Recurrent droughts have put strong political pressure on meteorological services and early-warning systems to produce reliable forecasts.

BOX 4

El Niño - La Niña events and the Southern Oscillation

El Niño refers to the large-scale warming of the equatorial eastern and central Pacific Ocean due to a disruption of the ocean-atmosphere system (Figure 13). El Niño events occur irregularly at intervals of 2-7 years, although the average is about once every 3-4 years. They typically last 12-18 months. They have important consequences for weather and climate around the globe, including lower than normal rainfall for South Africa accompanied by higher than normal rainfall for central-east Africa. La Niña refers to unusually cold ocean temperatures in the equatorial Pacific. The impacts of La Niña tend to be opposite to those of El Niño. Various indices of sea surface temperature deviation are obtained by taking the average deviation over some specified region of the ocean. Figure 14 shows the Sea Surface Temperature Index for the NINO 3.4 area. (For assessing widespread global climate variability, NINO 3.4 is generally preferred, because the sea surface temperature variability in this region has the strongest effect on shifting rainfall). El Niño/La Niña events are accompanied by swings in the Southern Oscillation. The Southern Oscillation Index (SOI) is defined as the normalized difference in barometric pressure between Tahiti (French Polynesia) and Darwin (Australia). It is intimately related to the ocean temperature changes mentioned above and is a measure of the strength of the trade winds. SOI values (Figure 15) generally vary between +30 (La Niña) and -30 (El Niño). Together, these phenomena are referred to as ENSO (NOAA, 1994; University Corporation for Atmospheric Research, 2001; Pacific Marine Environmental Laboratory, 2003; Commonwealth Bureau of Meteorology, 2003)

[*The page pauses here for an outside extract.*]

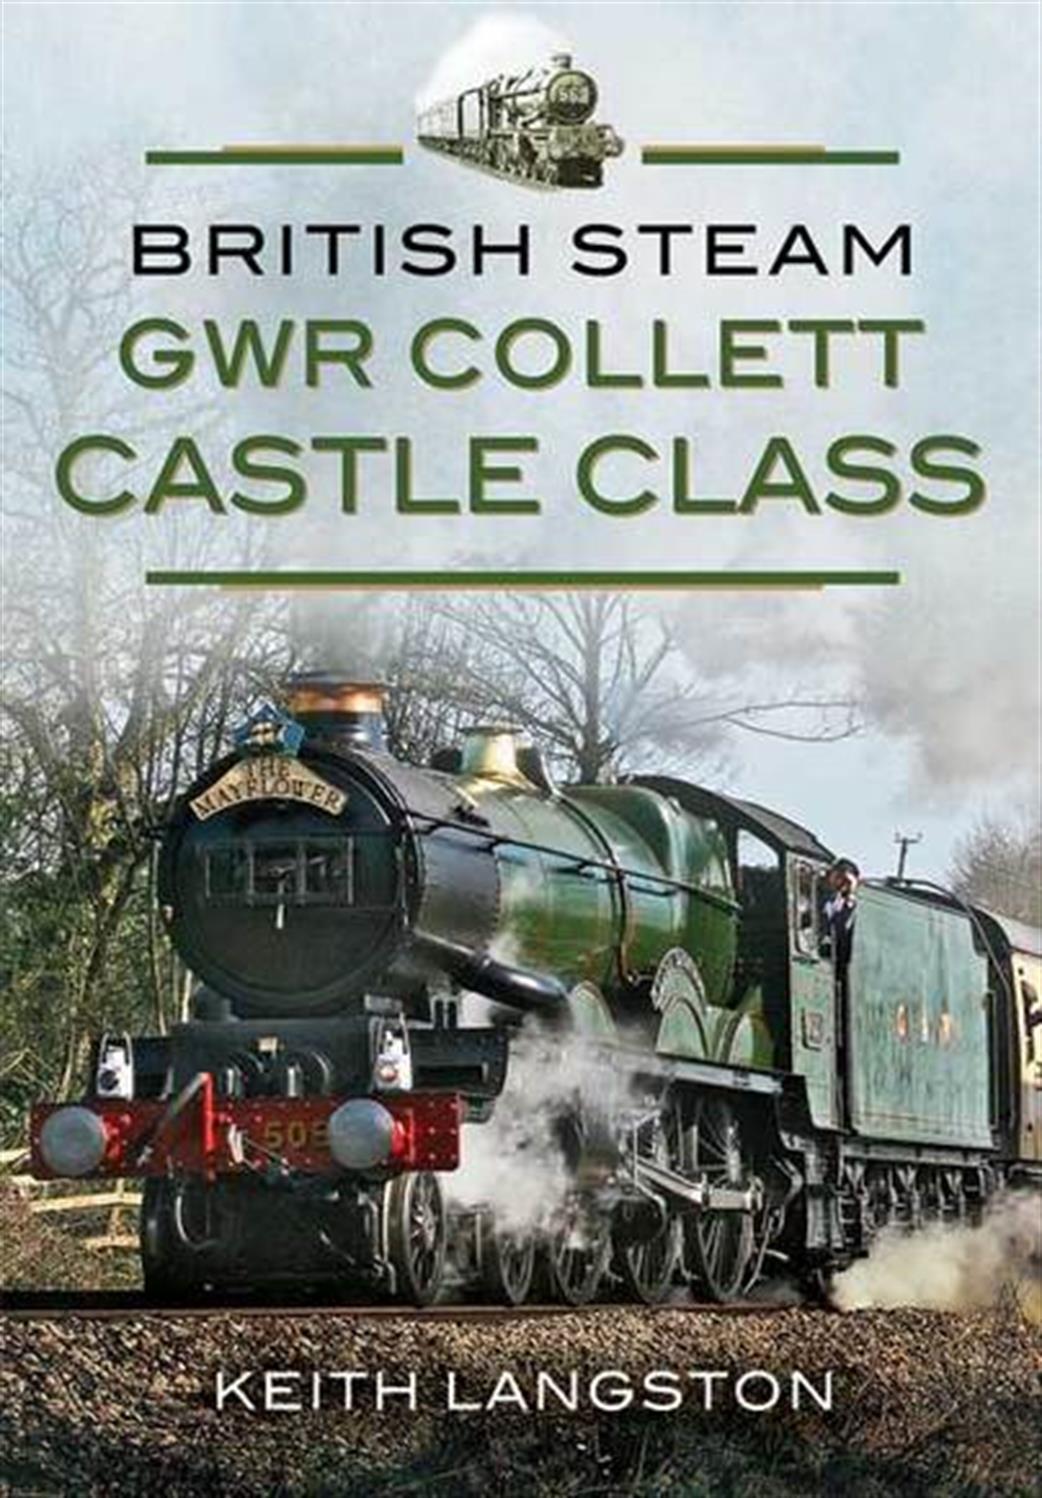 Pen & Sword  9781473823563 British Steam GWR Collett Castle Class by Keith Langstone.

Although substantial progress in the ENSO interpretation has been made, actual climate conditions in recent years have, to a large extent, not corresponded with the predicted outcomes. This raises concern about the reliability of the early-warning information used and applied, in particular in the southern African region. Until the mid-1990s, the general practice of declaring drought was based on the actual occurrence of drought. The severe drought of the 1991/92 season in southern Africa was only recognized officially as such as late as January 1992, well into the agricultural season.

FIGURE 13
Precipitation anomalies during El Niño in the Southern Hemisphere summer

Source: NOAA (1994).

The first time that drought was forecast in a very early stage - on the basis of global interpretations of the effects of El Niño - was in June 1997, when severe drought was predicted for the 1997-98 season (SADC, 1999). This led to actions by governments in the SADC region towards information dissemination and providing planting advice to farmers. Recommendations to farmers ranged from the planting of drought-tolerant and early-maturing varieties to destocking (Box 5). Even with improvements in the reliability of the climate forecasts, the occurrence of recurrent drought and related risks have to be accepted and integrated into land use systems sustainable under the present climate conditions. The prospect of accelerated global warming, and associated regional changes in climate, reinforces the need for the consideration of the longer-term constraints that future climate may place on developments in the region. Recent studies conducted on climate variability and change in the region give strong indications of regional temperatures rising in coming decades (Hulme, 1996; Hulme and Sheard, 1999). Rising temperatures could change the rainfall regime in the coming decades, resulting in changes in natural vegetation, as well as agriculture and range conditions and water resources.

FIGURE 14
Sea Surface Temperature Index

Source: International Research Institute for Climate Prediction (2002).

FIGURE 15
Southern Oscillation Index, 1998-2003

Source: Commonwealth Bureau of Meteorology (2003).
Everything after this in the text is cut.